Она не любительница была хныкать и держалась спокойно, как раньше, но сердце ныло не переставая. Дети, дети! Паша! Катя! Молодые, милые! Сашенька подрастет и тоже уйдет воевать, он и теперь уже ждет не дождется своего дня, — Сашенька, главная боль, главная утеха в жизни!.. Ворочая чугуны в печи, Евдокия шептала псалом царя Давида: «Не убоишася от страха нощного, от стрелы, летящая во дни, от вещи, во тьме приходящая, от нападения и беса полуденного… На аспида и василиска наступиши и попереши льва и змия…» Но аспиды всё катились да катились вперед, они забрали Украину, обложили Ленинград, стояли уже под Москвой.

Из Ленинграда, Москвы, Киева понаехали эвакуированные. Они жили во всех домах. У Евдокии комнату наверху забрали под приезжих ленинградцев — профессора, его жену и двух жениных сестер. Профессора, седого и деликатного, Евдокия жалела. Тихо и косолапо спускался он сверху в своих валенках, которые не умел носить, и, стараясь не шуметь и не брызгать, умывался в сенях под висячим рукомойником. А с бабами — профессоршей и ее сестрами — Евдокия с первых же дней вела негромкую, но ожесточенную войну за чистоту. Они хвастались, какие у них в Ленинграде были квартиры и какая мебель, и как они ходили по музеям и театрам, — а теперь, жалобились, приходится жить в невыносимых условиях. Ни одна из них не была приучена к простому обиходу, к домашней работе, ни одна не умела варить в русской печи. Евдокия скрепя сердце помогала им стряпать и убирала за ними, — грязи и беспорядка она не могла перенести. Она убирала, и они же на нее обижались и ставили ей на вид, какая она некультурная и какой у нее плохой, неблагоустроенный дом. Евдокия считала недостойным с ними связываться. Да и не переговорить бы ей троих таких тараторок. Но она их терпеть не могла. Одного профессора уважала и старалась ему услужить.

Как ни удивительно, вражда с тремя жиличками смягчала Евдокиину горесть и помогала пережить тяжкое время.

А Шестеркин опять запил.

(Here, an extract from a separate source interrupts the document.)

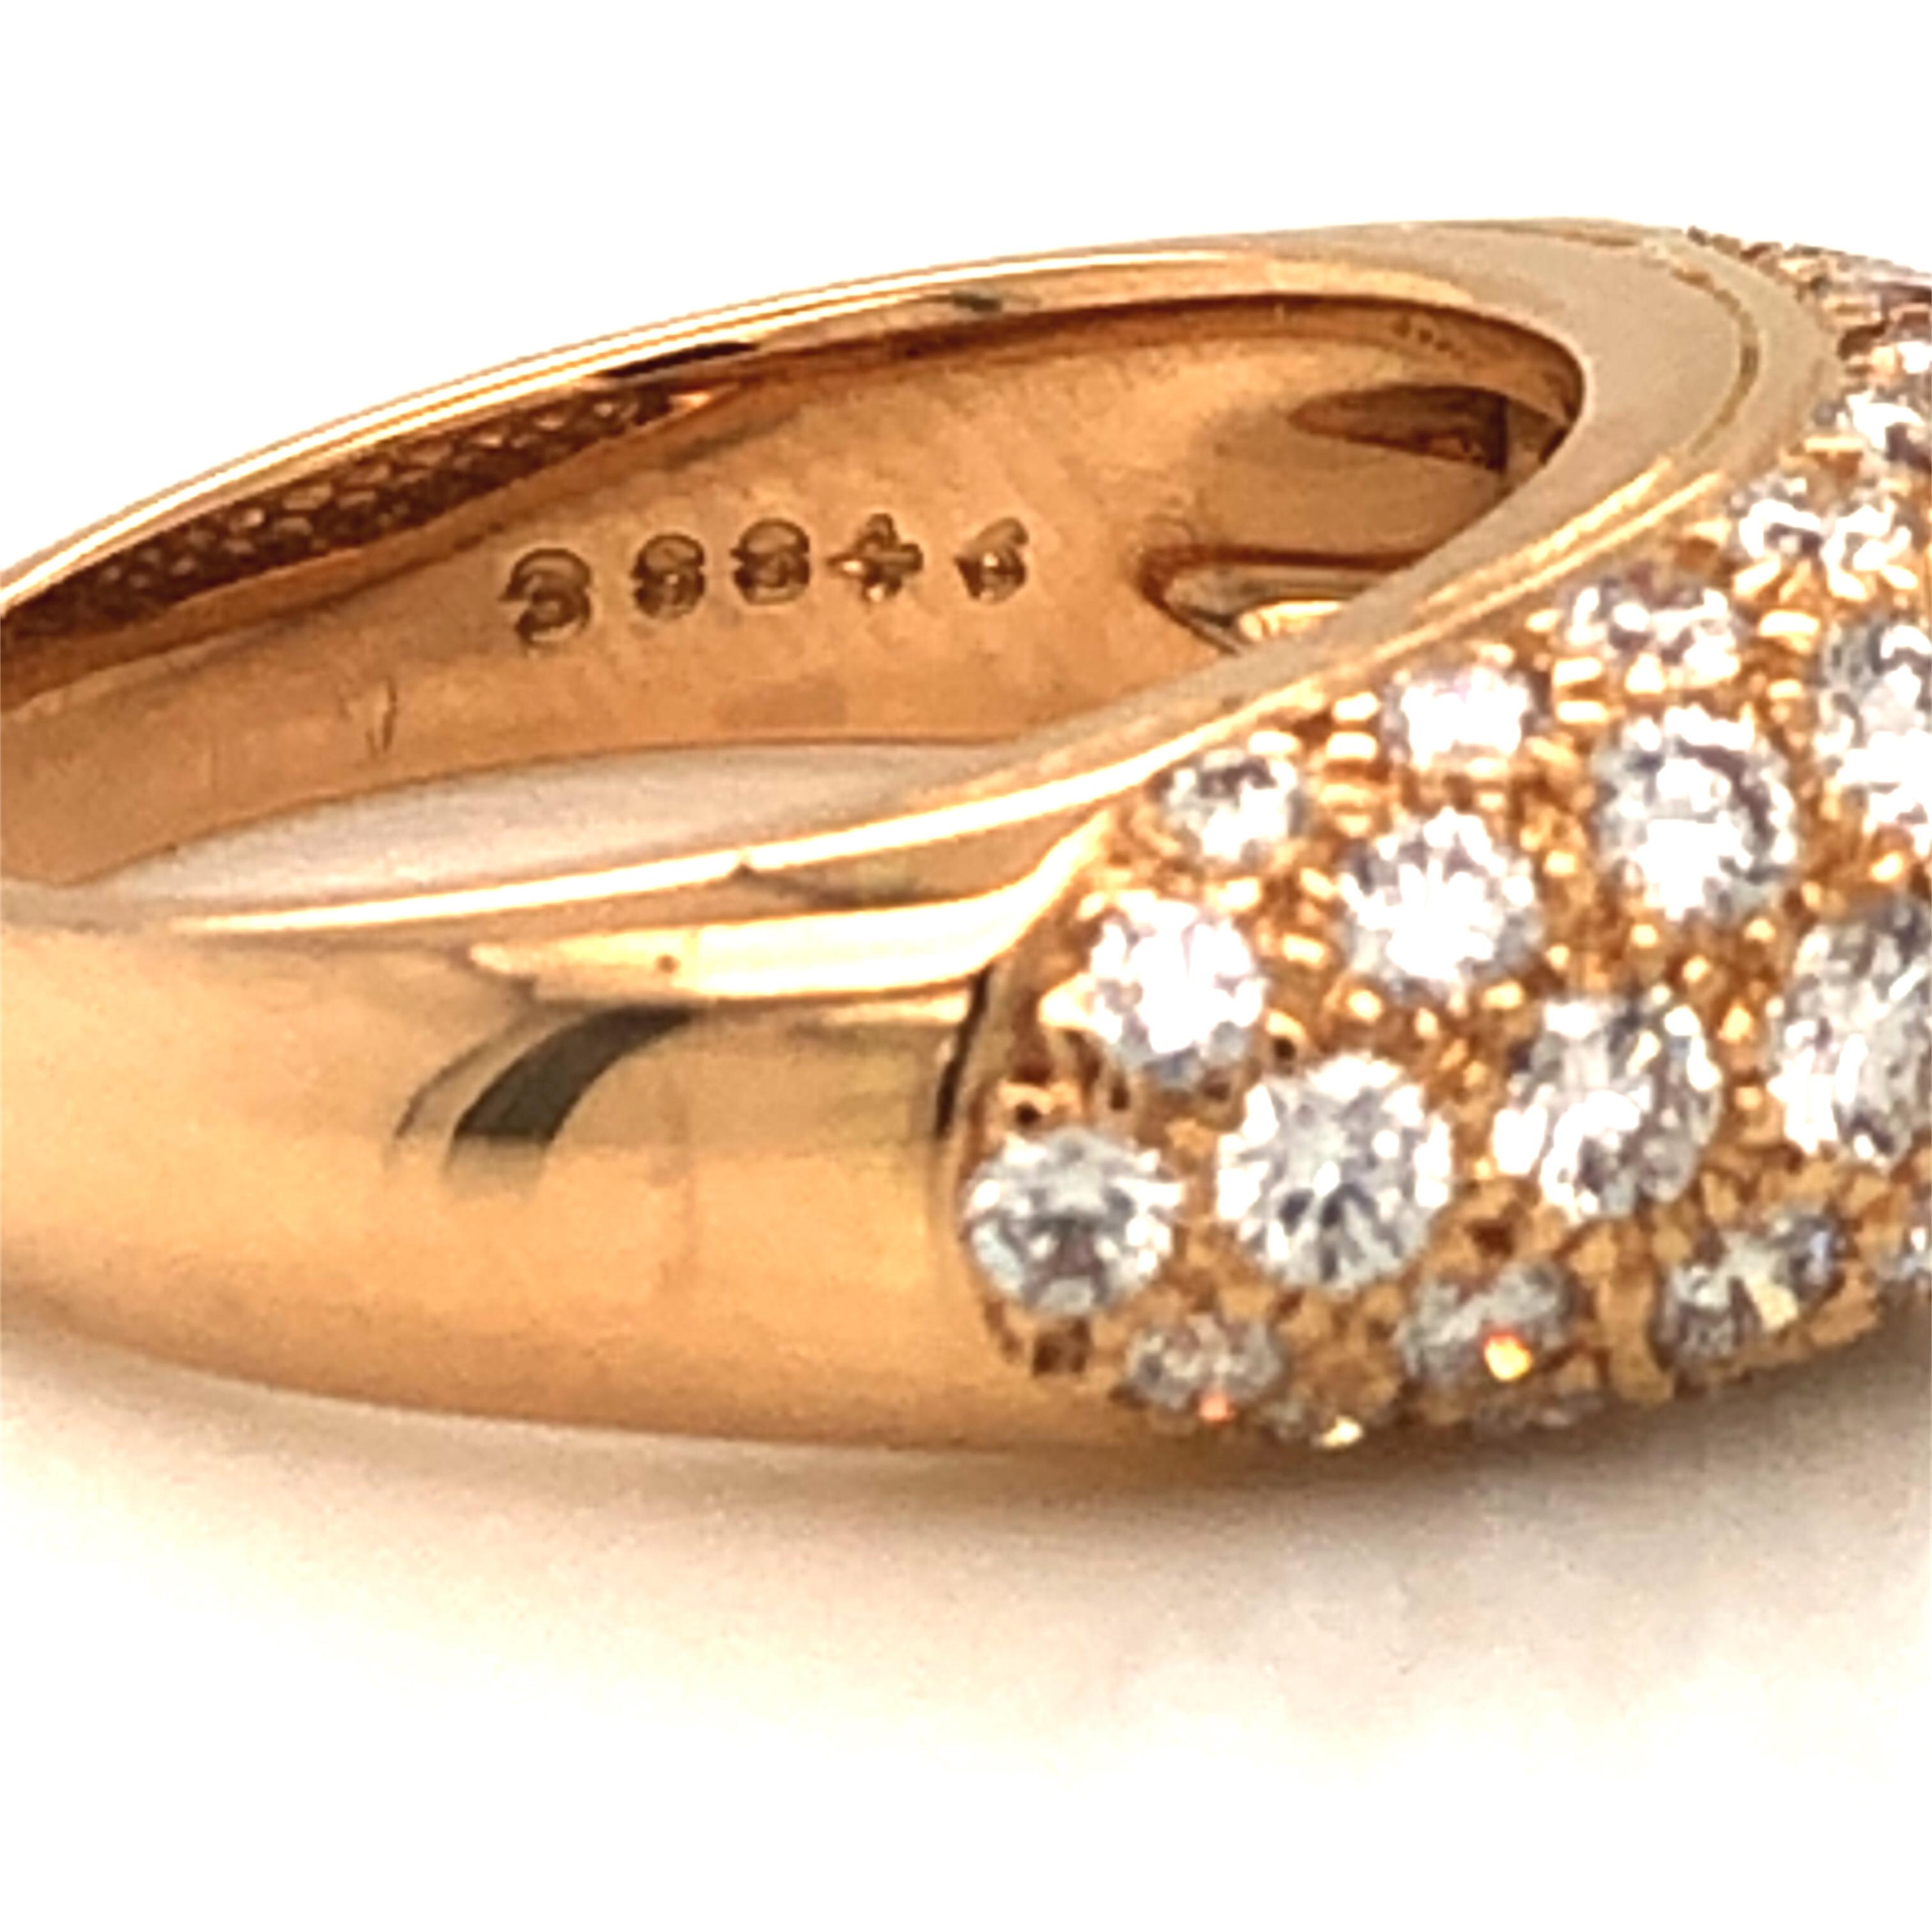 Oscar Heyman 18kt yellow gold dome ring contains 49 round diamonds weighing 1.84cts (F-G/VS) that are bead set. It is stamped with the makers mark, 18K, and serial number 38846. Dome height is 6.5mm. This is a beautiful classic design that pops on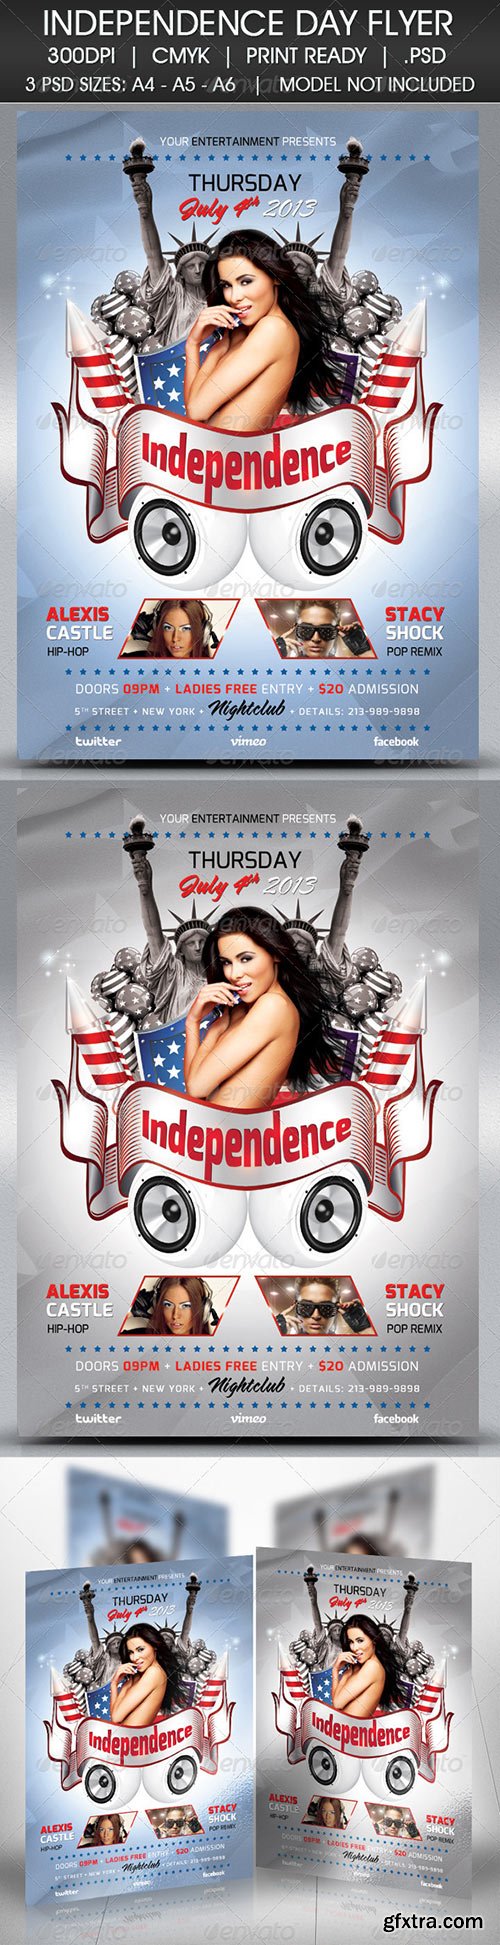 GraphicRiver - Independence Day Flyer 4734302

Как-то явился пьяный, плакал, буянил, грозил Евдокии, что скоро немцы и на ее дом станут бомбы кидать; и, показывая, какие тут будут опустошения, разбил два цветочных горшка. Евдокия разгневалась и вытолкала его вон. Он кричал:

— Дура набитая! Ты считаешь, я пьяница! Я от унижения пью! От скорби! Дура!..

Зима в тот год грянула рано и была лютая, грозная. Неистовые метели неслись над черными лесами, над суровым городом, над денно и нощно дымящими трубами Кружилихи. К тучам взвивались метели, от морозов и несчастий костенела душа. Когда ушел пьяный Шестеркин, Евдокия села на ларь, стеная без слез и ломая руки. Не о детях было в ту минуту ее горе, — она, как и Шестеркин, исходила скорбью о чем-то таком огромном, чего даже не могла уразуметь хорошенько.

— Проклятые, — шептала она.

Такой застал ее Евдоким. Обнял ее, бережно погладил по спине:

— Ну чего, Дуня? Ну, не надо. Переживем, Дуня…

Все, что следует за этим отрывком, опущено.